The capability taxonomy answers *"can this silicon execute this dtype, and how
well?"* (`tensor_native` / `tensor_compat` / `cuda_core` / `unsupported`),
separately from whether a given **runtime** can realize the win. FP4 is the
clearest case: native on Blackwell sm_120, but its compute win is realized only
on a mature runtime (vLLM ≥ 0.22 / TensorRT-LLM) — on an immature one
(llama.cpp today) FP4 behaves like INT4 weight-only (ADR 016).

```python
from ratchet import RTX_5090_REFERENCE, deployment_path_for_tier

deployment_path_for_tier(RTX_5090_REFERENCE, "nvfp4", "fresh_compile")
# -> "native_fast"
deployment_path_for_tier(RTX_5090_REFERENCE, "nvfp4", "fresh_compile", "immature")
# -> "fp4_runtime_immature" (silicon is native, runtime can't realize the win)

# project_llm(model, hw, workload, fp4_runtime_maturity="immature")
# models an FP4 model as INT4 weight-only (prefill falls to the bf16 floor).
# Default is "mature" — non-breaking.
```

## Status

**v0.2.6** — current.
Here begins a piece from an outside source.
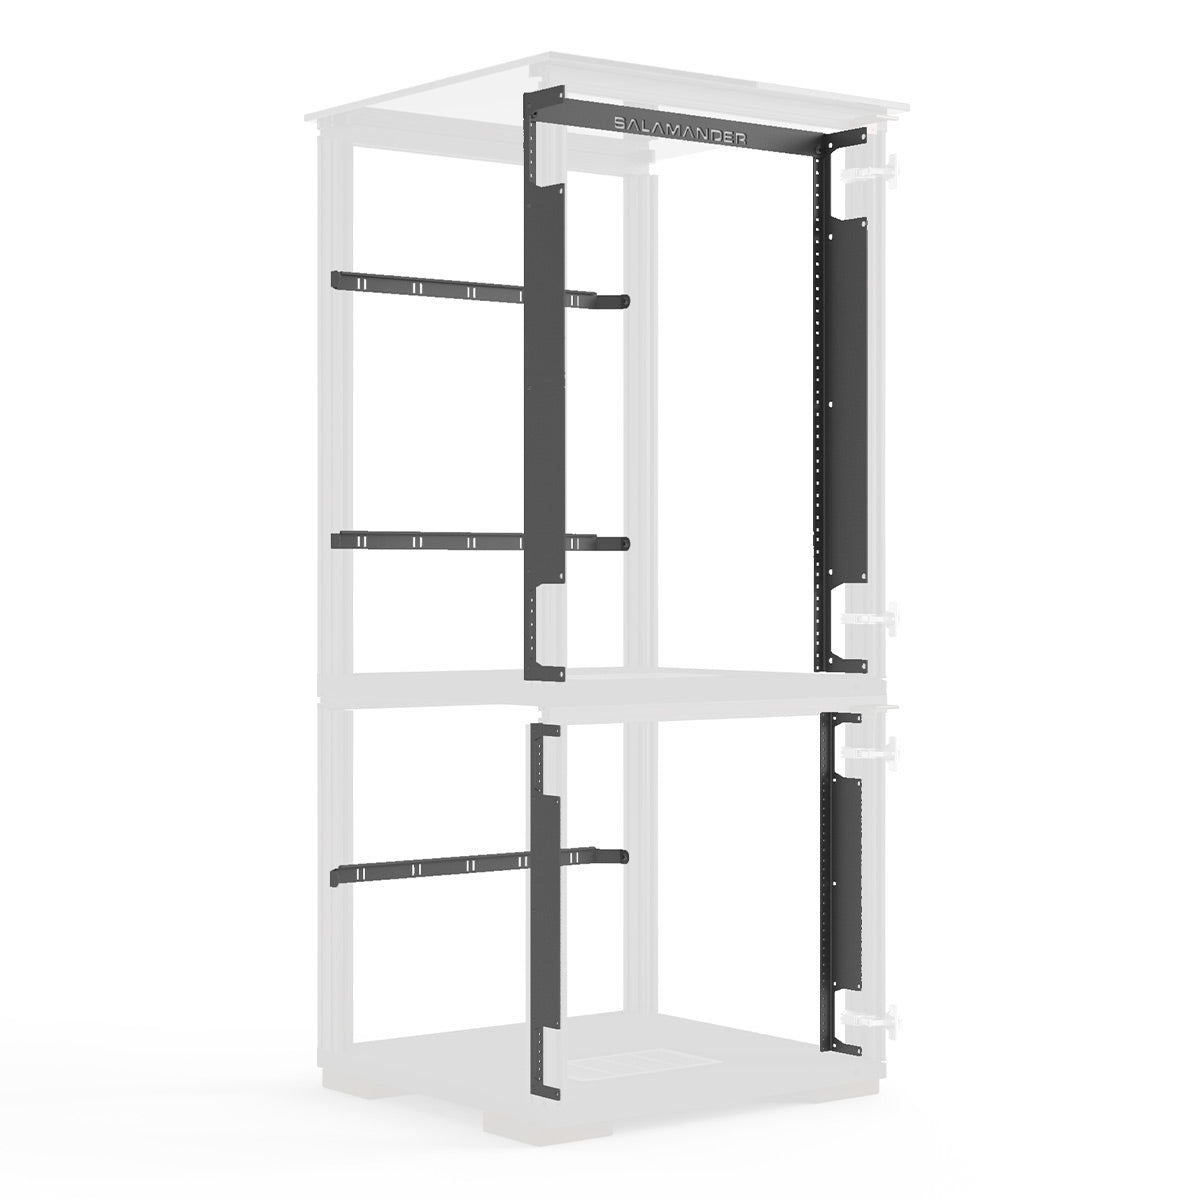 Salamander Chameleon Collection Miami 517 RM Single Pro Audio Rack (High Gloss White with Black Glass Top)

Engine consumed by pinned versions across surfaces;
backward compatible with v0.1.0 (all prior imports still work). See
[`docs/decisions/`](docs/decisions) for the **16 ADRs** covering engine-level
design choices, and [`docs/design/`](docs/design) for the design specs.

Version history:

- **v0.2.0** — engine-consolidation release: absorbs the canonical tier
registry, capability taxonomy, projection API, anchor-secrets system, and LLM
catalog schema the ecosystem surfaces had evolved independently.
- **v0.2.1** — anchor-loader correction (Amendment 3): the real `npu_anchors.py`
contract is canonical, superseding the design-doc §9 sketch.
- **v0.2.2** — tier registry corrected to production silicon specs.
- **v0.2.3** — BW-scale the private anchor overlay on memory-upgrade clones.
- **v0.2.4** — correct NPU i.MX 95 TDP 8 → 10 W (Amendment 6).
- **v0.2.5** — NVFP4/MXFP4 (FP4) added as a first-class compute dtype, distinct
from weight-only INT4 (a memory format that dequantizes to bf16).
- **v0.2.6** — FP4's compute win is runtime-conditional (ADR 016): new
`fp4_runtime_maturity` projection axis, defaulting to `"mature"`.